There are to be serious case reviews into the deaths of two children in an area where children’s services are deemed so poor they must be run externally.
The reviews concern the death of a baby and a child suicide in Worcestershire.
The government said in September the county’s “inadequate” child protection services must be handed over to another agency, though that has yet to happen.
An Ofsted report published on Thursday said “significant weaknesses remain”.
A whistleblower at Worcestershire County Council, who is employed as a social worker, said staff were being asked to perform an “impossible job”.
The reviews will look at whether social services, or other agencies such as the police or NHS, missed opportunities before the deaths of the two children.
Derek Benson, independent chair of Worcestershire’s Safeguarding Children’s Board, said the deaths were not necessarily symptomatic of failing children’s social services in the region.
“There is not an immediate connection in terms of commissioning serious case reviews and the issues with children’s social care and experience in Worcestershire,” he said.

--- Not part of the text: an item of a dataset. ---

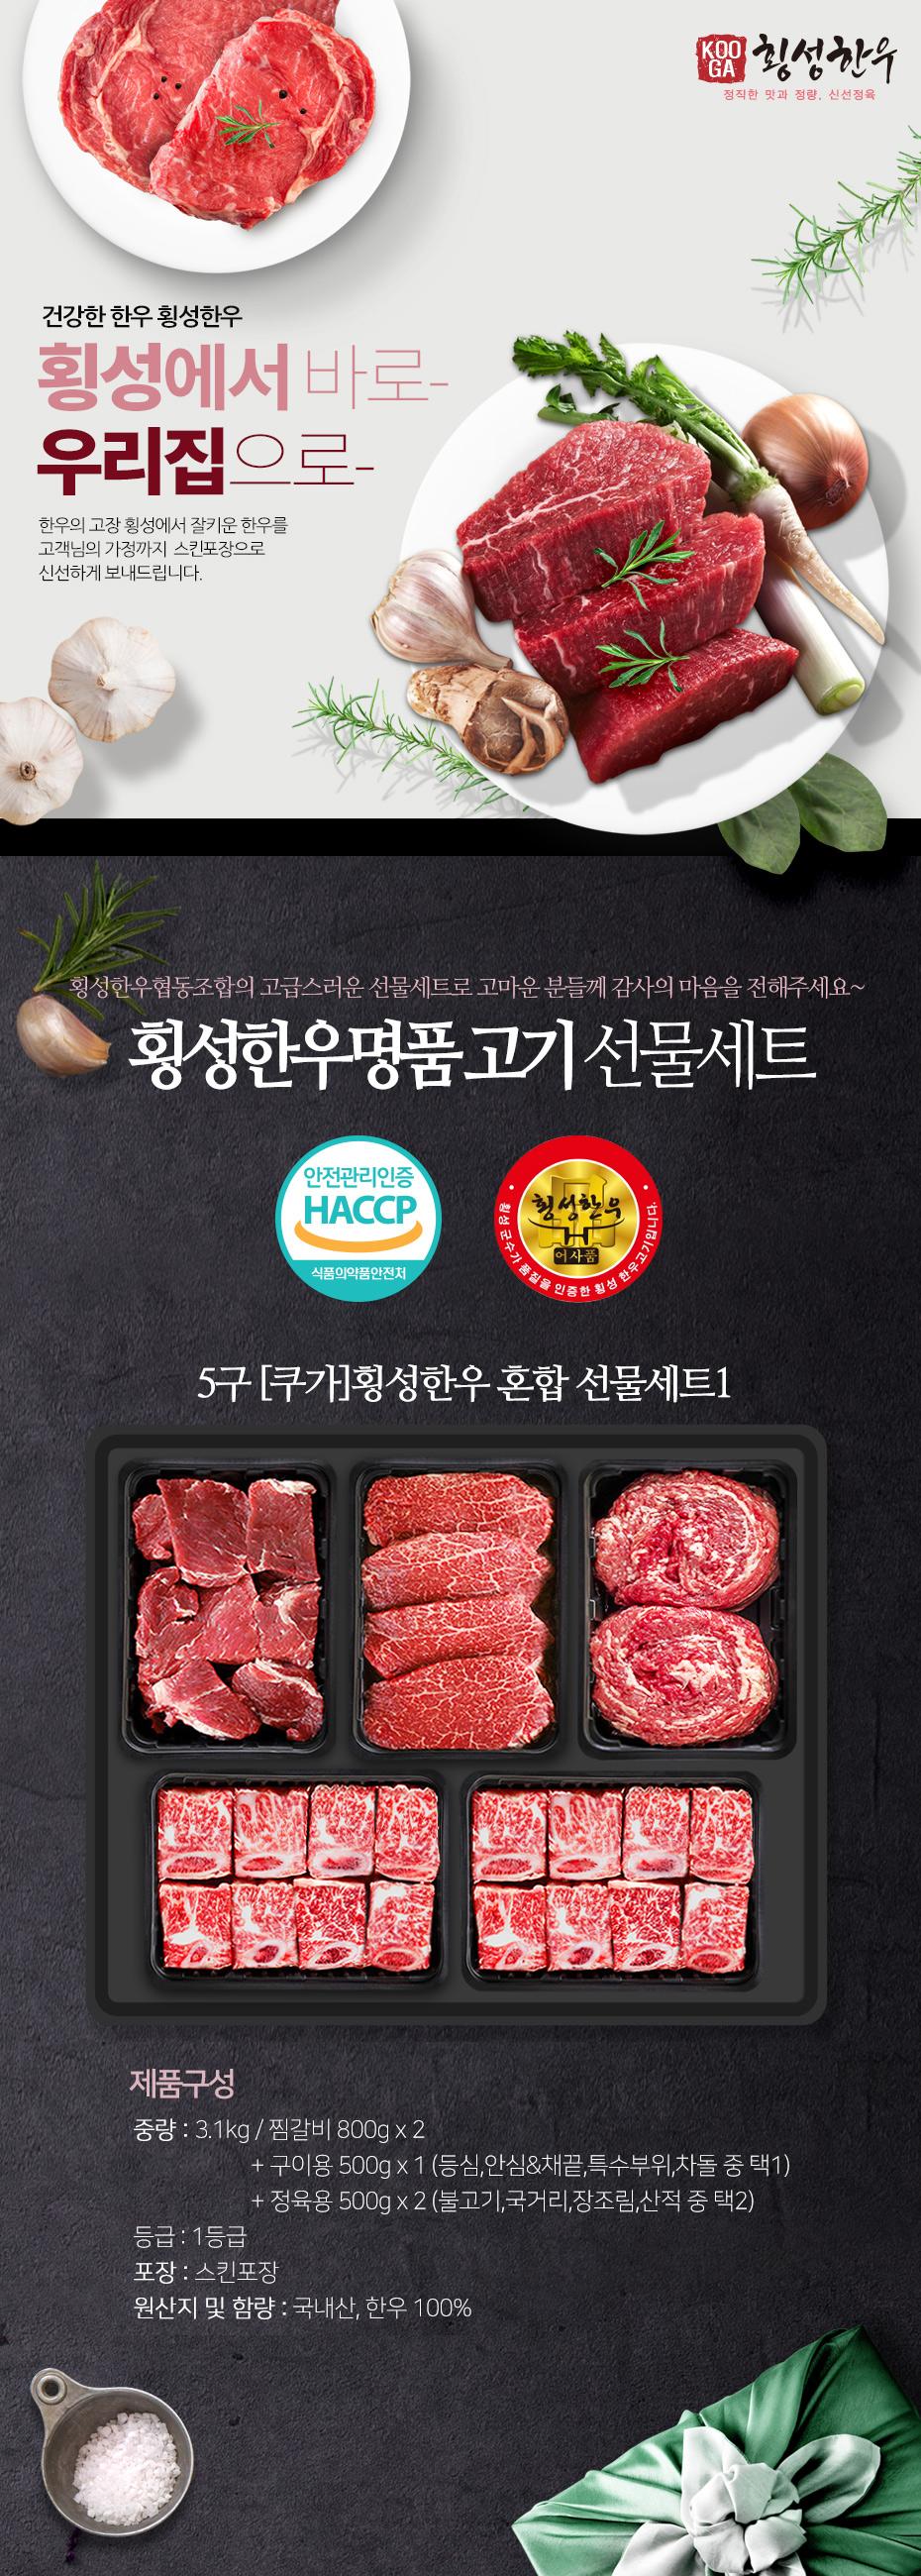 set5_meat_rib2_s2_ten_222222.jpg

Children’s services in the county were rated inadequate in January after Ofsted reported “widespread and serious failures” leaving children “at continued risk of significant harm”.
Although Thursday’s report said the council had “achieved some tangible improvements”, services need “much further progress”.

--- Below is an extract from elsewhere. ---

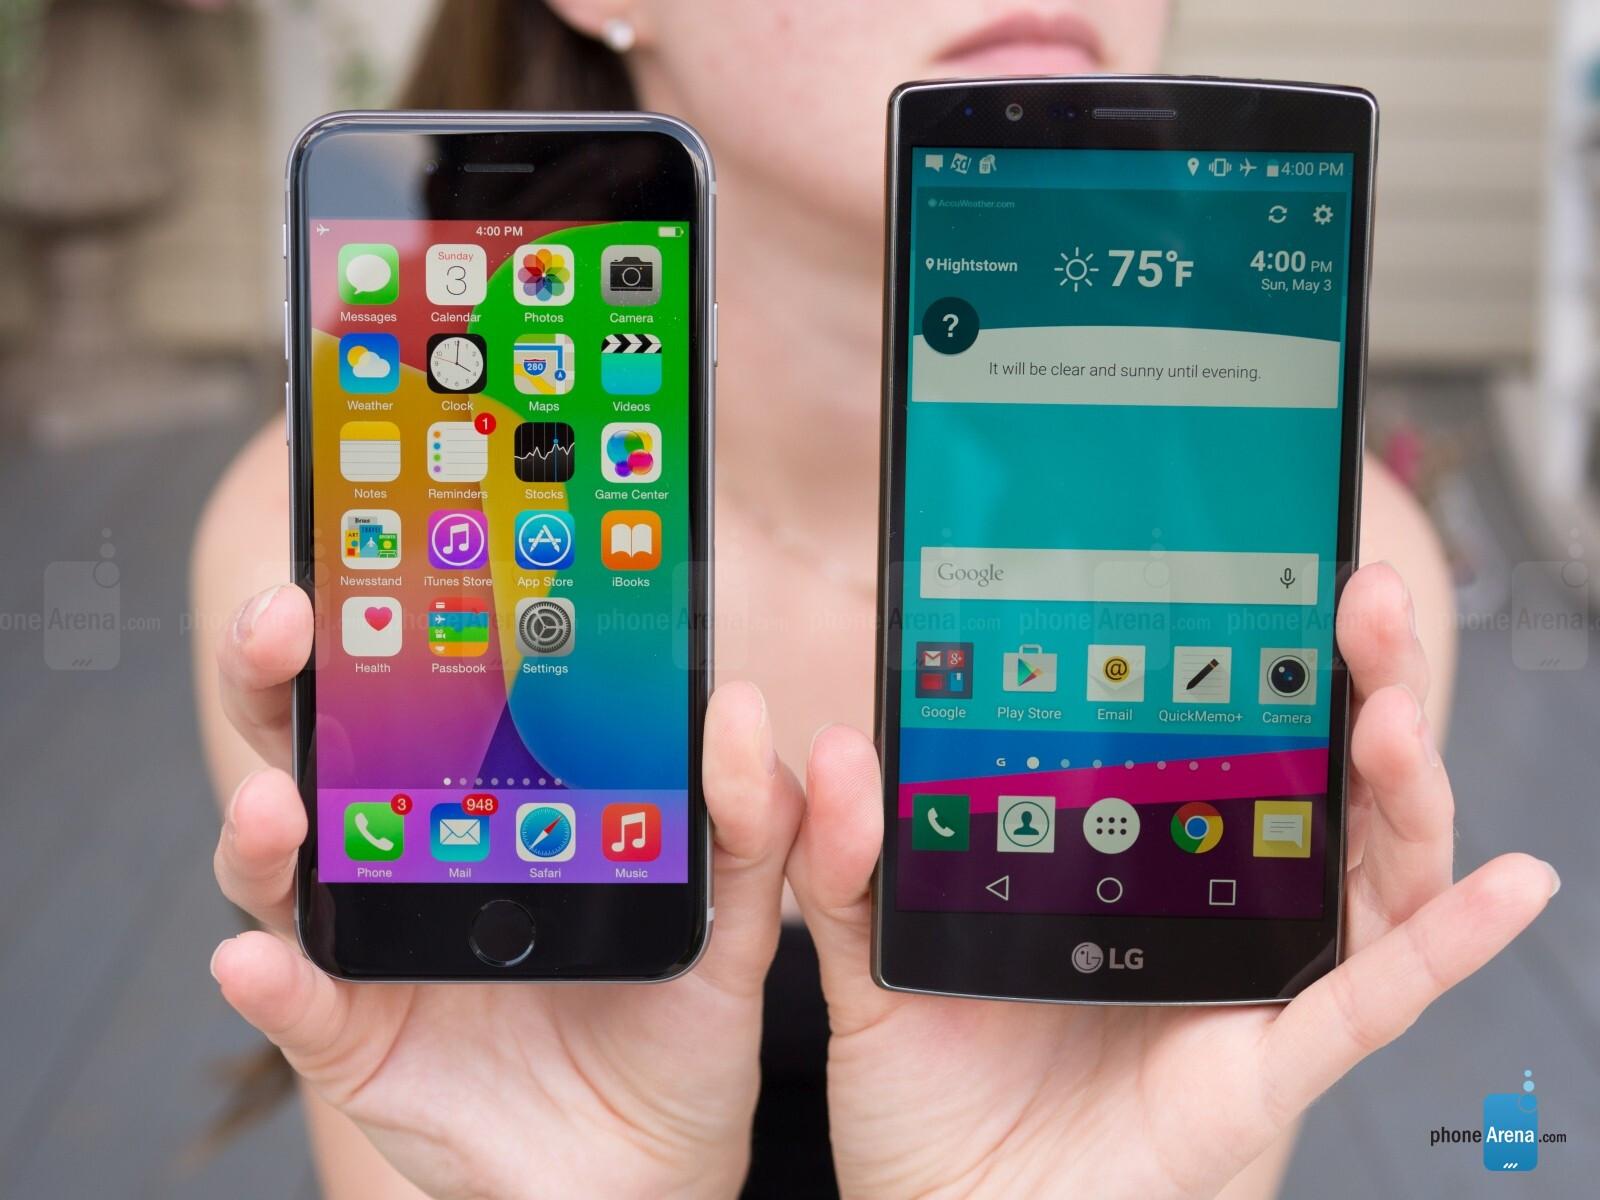 lg g4 vs apple iphone 6

The whistleblower said work was “very demoralising”.
“Morale is very low,” the social worker said. “People are being asked to perform an almost impossible job.
“Caseloads are too high. I know colleagues who have caseloads in excess of 30 families… Staff just become overwhelmed.”
The council declined to respond to the whilsteblower’s comments.
Chief Executive of Worcestershire County Council, Steve Stewart, said: “Our staff are working really hard to improve the service.
“We know that we have a lot of work still to do to get to the stage where we are consistently delivering high quality services.”